* _THE PROBLEM_: Exactly as written, return all the data, leaving its pictures behind.

* _COLLECTED MATERIAL_:
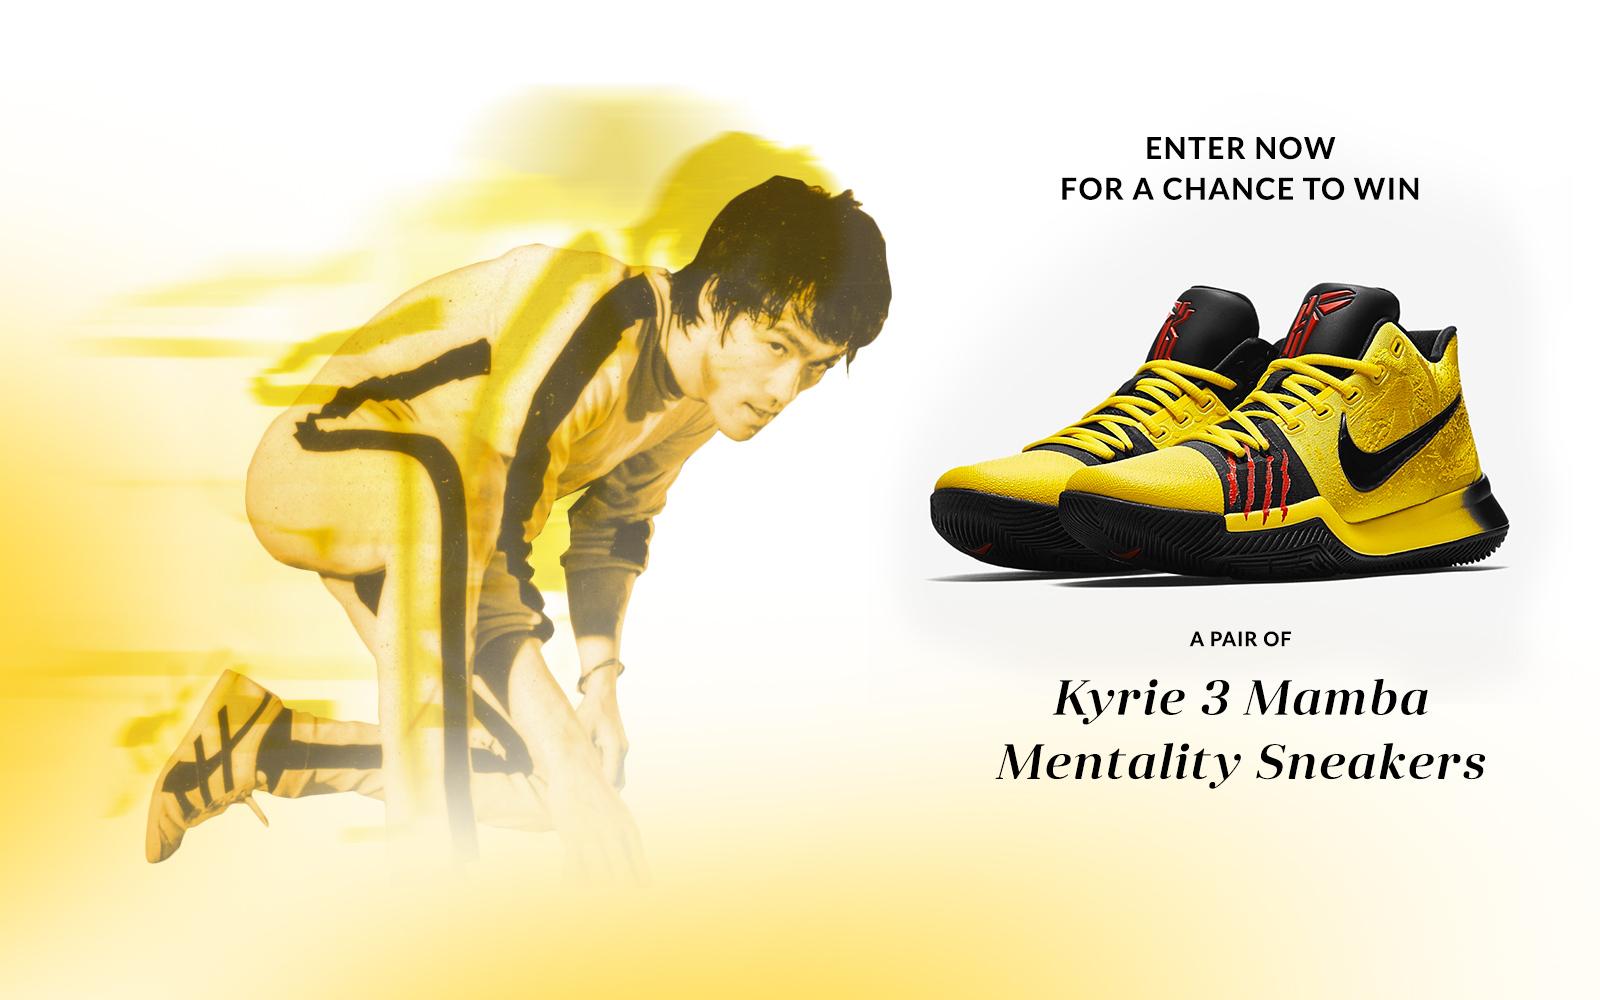 sale retailer 69d20 0e70f Bruce Lee Case Study - ViralSweep
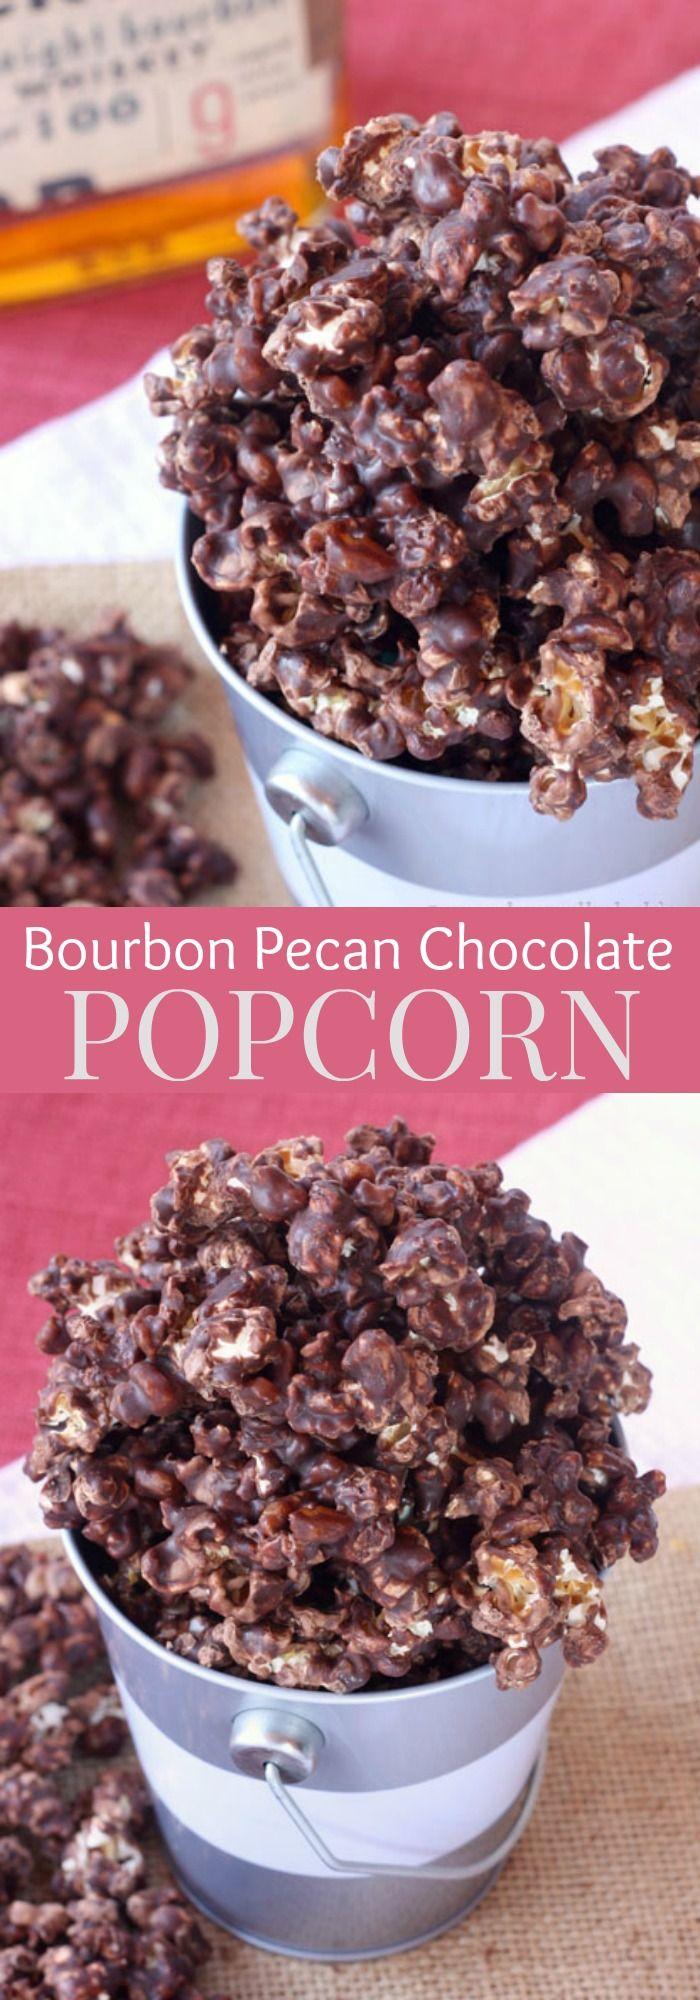 Bourbon Pecan Chocolate Popcorn - a decadent, chocolaty, boozy snack! | cupcakesandkalechips.com
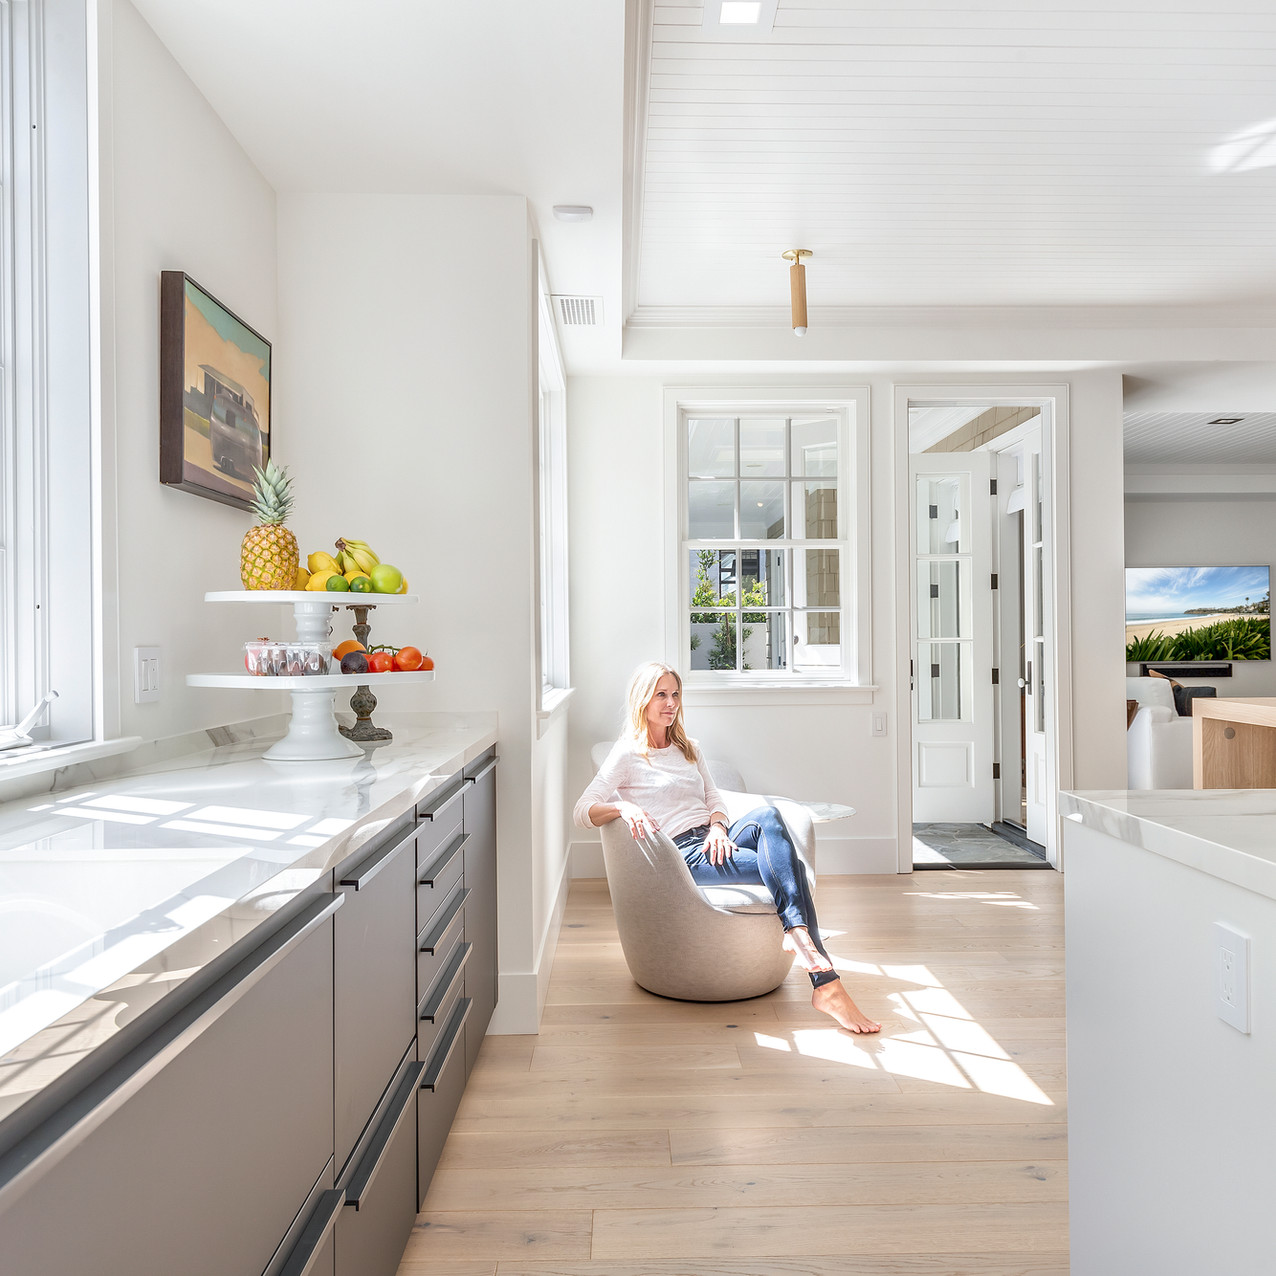 Cape Cod style home - Bondi and Synthia

* _TASK RESULT_:
 sale retailer 69d20 0e70f Bruce Lee Case Study - ViralSweep
 Bourbon Pecan Chocolate Popcorn - a decadent, chocolaty, boozy snack! | cupcakesandkalechips.com
 Cape Cod style home - Bondi and Synthia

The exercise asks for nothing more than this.